A breath result over the limit triggers an administrative suspension on top of the criminal case. You have 10 days from the arrest to demand a formal review hearing with the DHSMV in Clearwater, which protects your license and can secure a 42-day permit. We file that request the same day you hire us. Call or text (727) 761-4318.
The Numbers Behind a Passing Inspection
“Passed” is not a magic word. Florida’s rules set specific numbers an inspection has to hit, and a file can look clean while missing them. The alcohol-free test has to read 0.000, and any reading above that is improper. The known control solutions are run at 0.05, 0.08, and 0.20, and each result has to land within five percent of its target, which means 0.045 to 0.055, 0.075 to 0.085, and 0.190 to 0.210. The acetone check has to detect and subtract the interferent on each run, and the radio-frequency check has to catch interference and report it. We do not take the agency’s word that the machine passed. We read the numbers against the state’s own guidelines, because a machine can clear an inspector’s signature and still fall outside what the rule requires. A machine that cannot be brought back within tolerance should not be producing evidence against you at all.
What We Request
We pull the full history for the specific instrument that tested you: the agency inspection reports, the annual department inspections, the maintenance and repair records, the dry gas or alcohol standard records, and the machine’s own data logs. We are looking for the gaps, the failures, and the repairs that line up with the time of your test.
The Reference Cylinder Behind the Control Tests
Every control test compares the machine against a known alcohol value, and that value comes from a reference source: a compressed cylinder of a certified alcohol and gas mixture, or an alcohol reference solution. That source carries a lot number and an expiration date, and it has to be both in date and traceable to a certified standard when the test is run. If the cylinder was expired, or its records do not trace back to a valid certification, the control tests that confirmed the machine were measured against something the State cannot fully stand behind.
This is not hypothetical. The expiration date and lot number print on the breath test affidavit itself, right alongside the result. When that date falls before the date of the test, the control tests on which the whole reading depends were run against an expired standard. We check the cylinder lot and expiration on every case and match them to the certification records the State is required to keep.
Why a Machine’s History Matters
An instrument that failed an inspection, needed repair, or drifted out of tolerance near the time of your test casts doubt on your result. If the machine was reading wrong for other people, the question becomes whether it was reading wrong for you. That is a question the records can raise and the State has to answer.

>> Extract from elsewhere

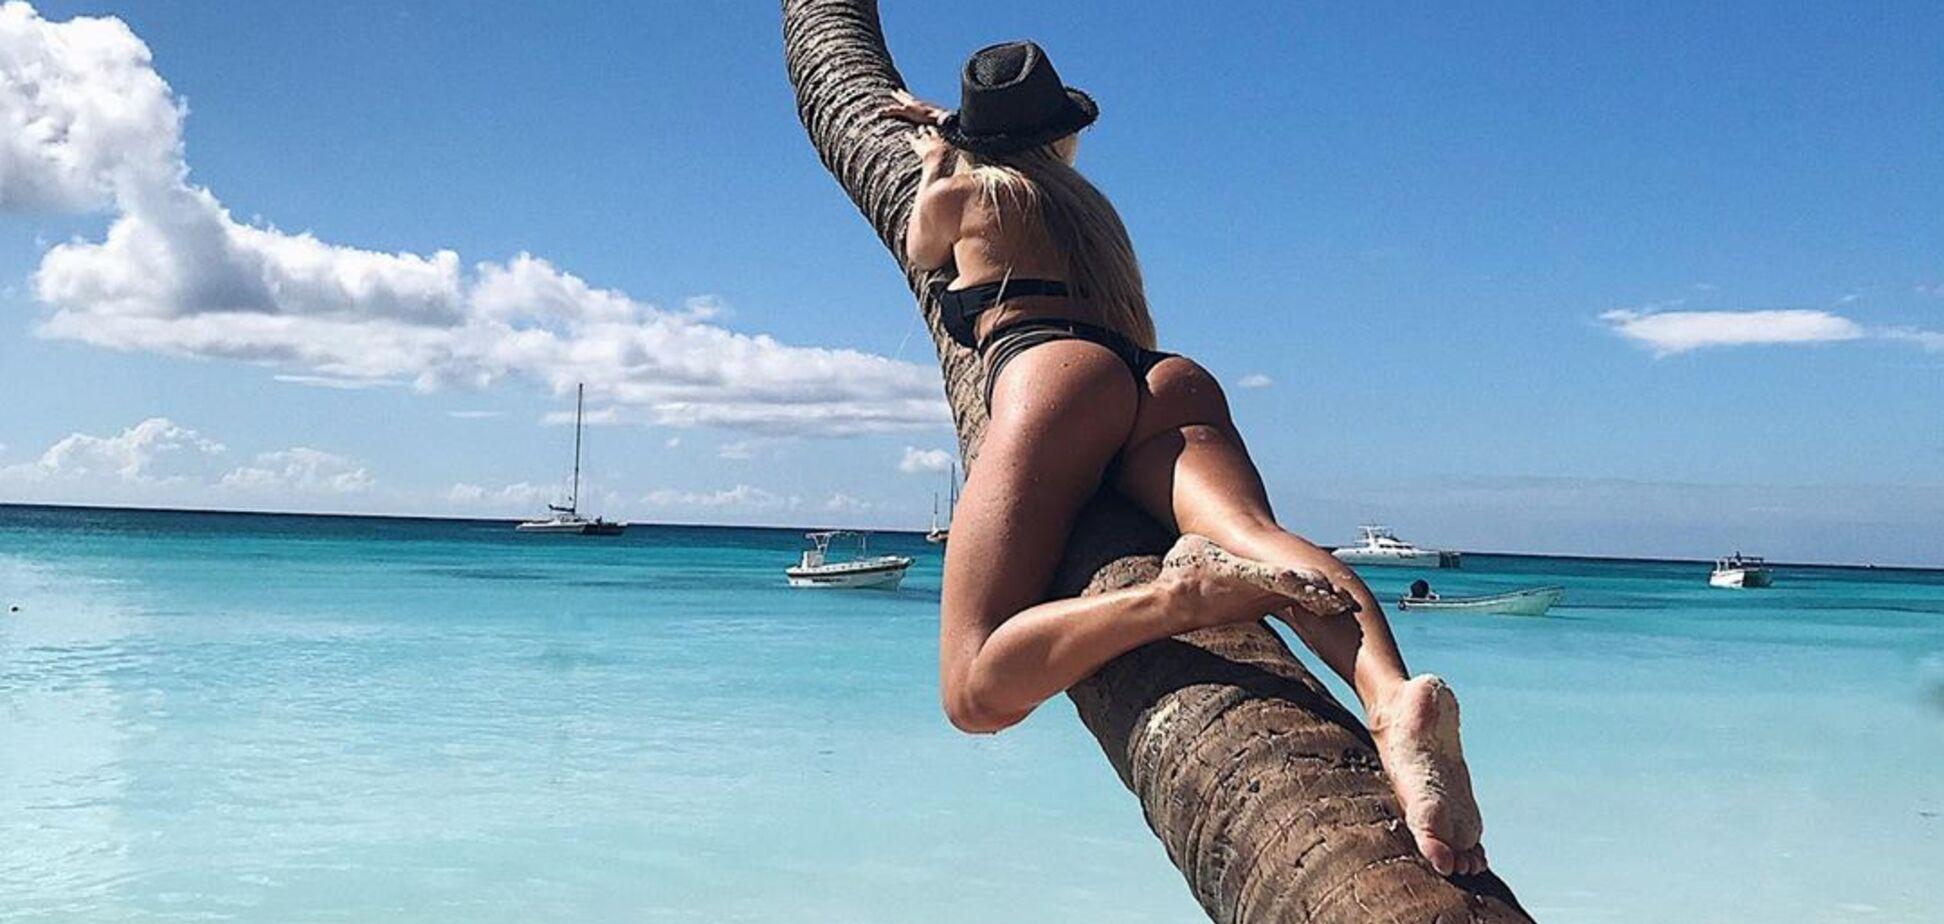 Раздетая невеста футболиста сборной Украины Артема Шабанова залезла на пальму

Why This Matters in Your Case
The breath number is presented as the output of a reliable, well-kept instrument. When the records show otherwise, that foundation cracks. We use the machine’s own history to challenge whether the result should be trusted at all. It works hand in hand with reading the breath test printout itself.

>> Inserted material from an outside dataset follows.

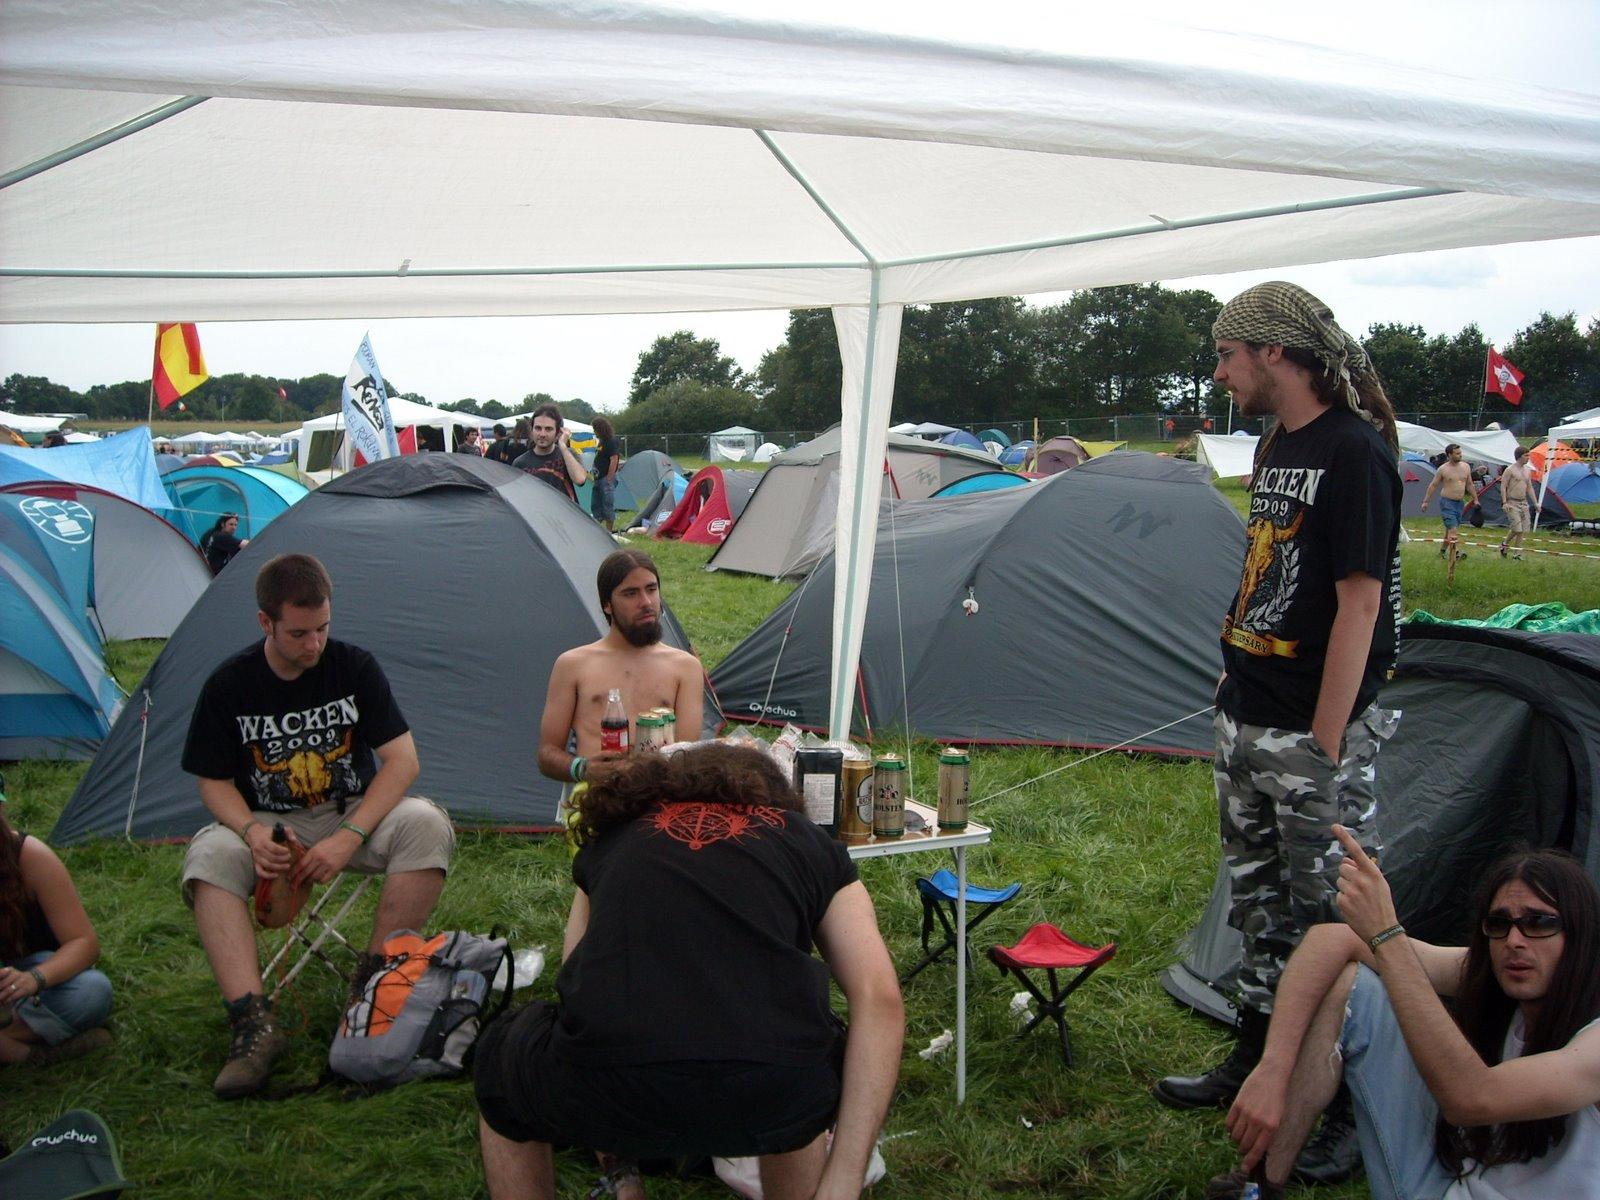 Resultado de imagen para wacken camping

The instrument is supposed to be checked on a recurring schedule against known control solutions. Each check produces a record, and a missing or failed one is something the defense can use.
What an Agency Inspection Covers
A proper inspection is more than turning the machine on. It checks the instrument against control solutions of known alcohol concentration to confirm it reads correctly, verifies the safeguards are working, and documents the result. When a control reads outside its expected range, when an inspection is late or skipped, or when a record is incomplete, the assurance that the machine was reading correctly on the day of your test starts to slip. The records are kept by the agency and are discoverable.
Where the Records Fall Short
We compare the inspection history around the date of your test against what the rules require, looking for late inspections, failed or marginal control checks, repairs, and gaps in the paperwork. A machine with a troubled maintenance history is a machine whose number deserves less trust. This pairs with the source code question and the printout, because the records and the data together show whether the instrument was sound when it tested you.
The records are where a breath case is often won, long before trial, and I read them the way the state inspector should have. I check the control solutions against their exact windows, the blank against zero, and your two samples against the agreement rule, because a machine that drifted outside any of those was not a reliable machine on the day it tested you. When the paperwork cannot show the instrument met its own standards, the number it produced has not earned its place in your case, and I say so.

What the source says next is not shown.